When I got back in touch with my rates, the SEO went off to check the figures. It was all standard practice and the emails were very pleasant. Recently, I heard back from the agency. They were sorry but they were pulling their budget for the project, due to recent changes to Google algorithms and that infamous situation with a certain brand losing their place on the search engine. Fine, all to be expected really. SEO agencies are jumpy after Google cracked down on a company flouting the rules. I get that.

What I don’t get, though, is what was suggested next. “If you could just write the post anyway, with a link to the site where the competition is being held, that would be great.” To make it clear, the SEO agency wasn’t pushy. They recognised that they weren’t able to compensate me for my time or for a post on my site, but they wondered if I could do them a favour anyway. In return, they could offer me – wait for it – tweets. That’s it. They could offer some RT’s to their own client’s (unpaid) advert, from their own client’s Twitter account.

Now, call me picky, but my time is worth more than a few tweets. I write this blog because I love it. It gave me a place to be me again after I became a mum and it provided a platform to write from and launch a new direction in my career. I consider it part of my work, as I earn the odd bit of cash from it but – more importantly – it leads to new commissions for writing that I’m paid for. However, everything I choose to write on here is from my own head.

Also – unsurprisingly for a blogger – I’m active on my own Twitter account, as well as Facebook, Google+, Pinterest, Instagram and various blog networks.

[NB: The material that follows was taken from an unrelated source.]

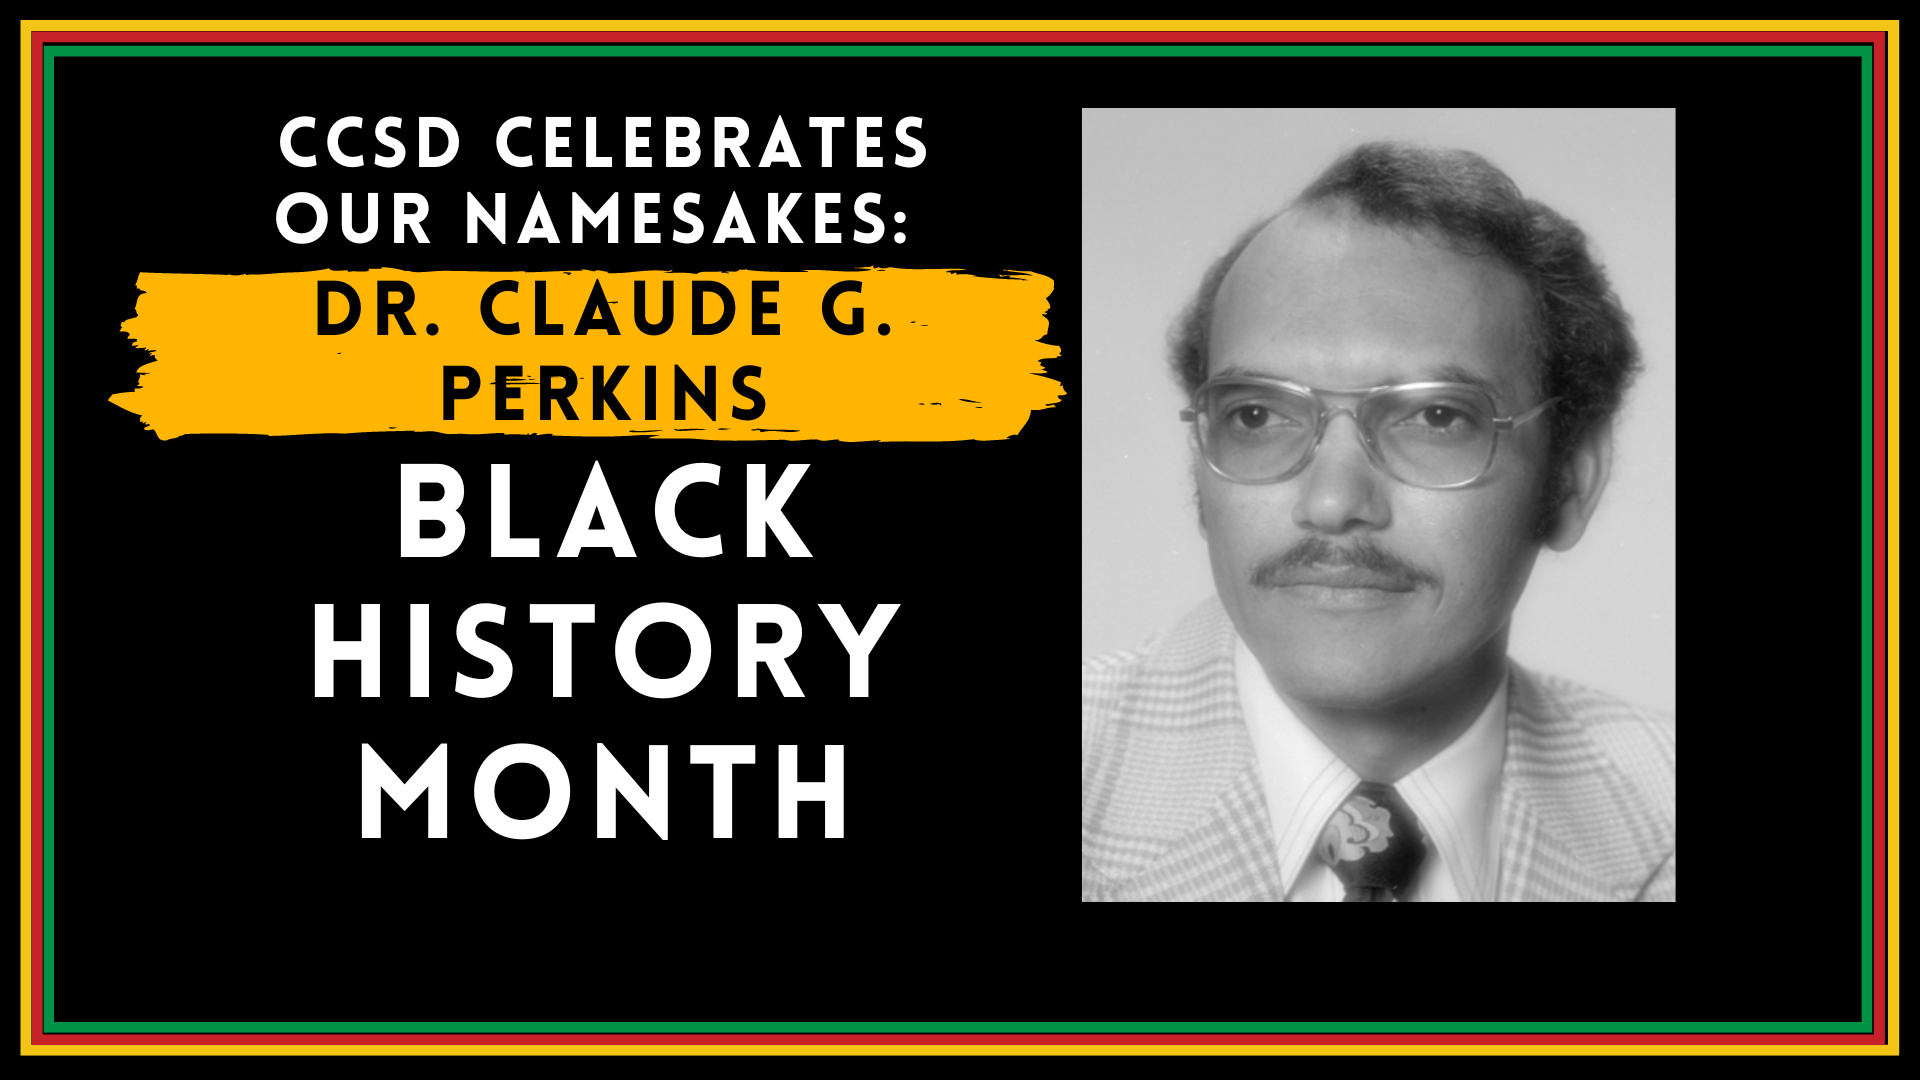 CCSD celebrates its namesakes: Dr. Claude G. Perkins

I don’t need “free content”. I have plenty of my own, swimming around in my brain. I don’t need tweets promoting a commercial post from a company that has no interest in engaging with me. I work 60 odd hours a week and spend my afternoons negotiating potty training and toddler tantrums. Time is something I don’t have an abundance of.

Spare moments are rare and, on the evenings when I find half an hour to write a blog post, I don’t choose for that post to be about a competition on another company’s site that I have no interest in. Not unless I’m getting paid, or being offered an experience that makes it all worth it. Otherwise it’s not worth it. Not to me anyway.

I replied to the SEO person explaining that I wouldn’t be able to help them. They totally understood and accepted that they’d have to find new ways to work with bloggers, to entice them to write about their clients. So that’s what I’m asking here. As a blogger, what is it that makes you want to write about a company and give them a precious slice of both your time and your blog space? While lots of bloggers are refusing to do follow links, does this mean the end of SEO / blogger relations?

This is one introverted blogging debate I’m genuinely interested in. Hit me with your opinions – I’m listening.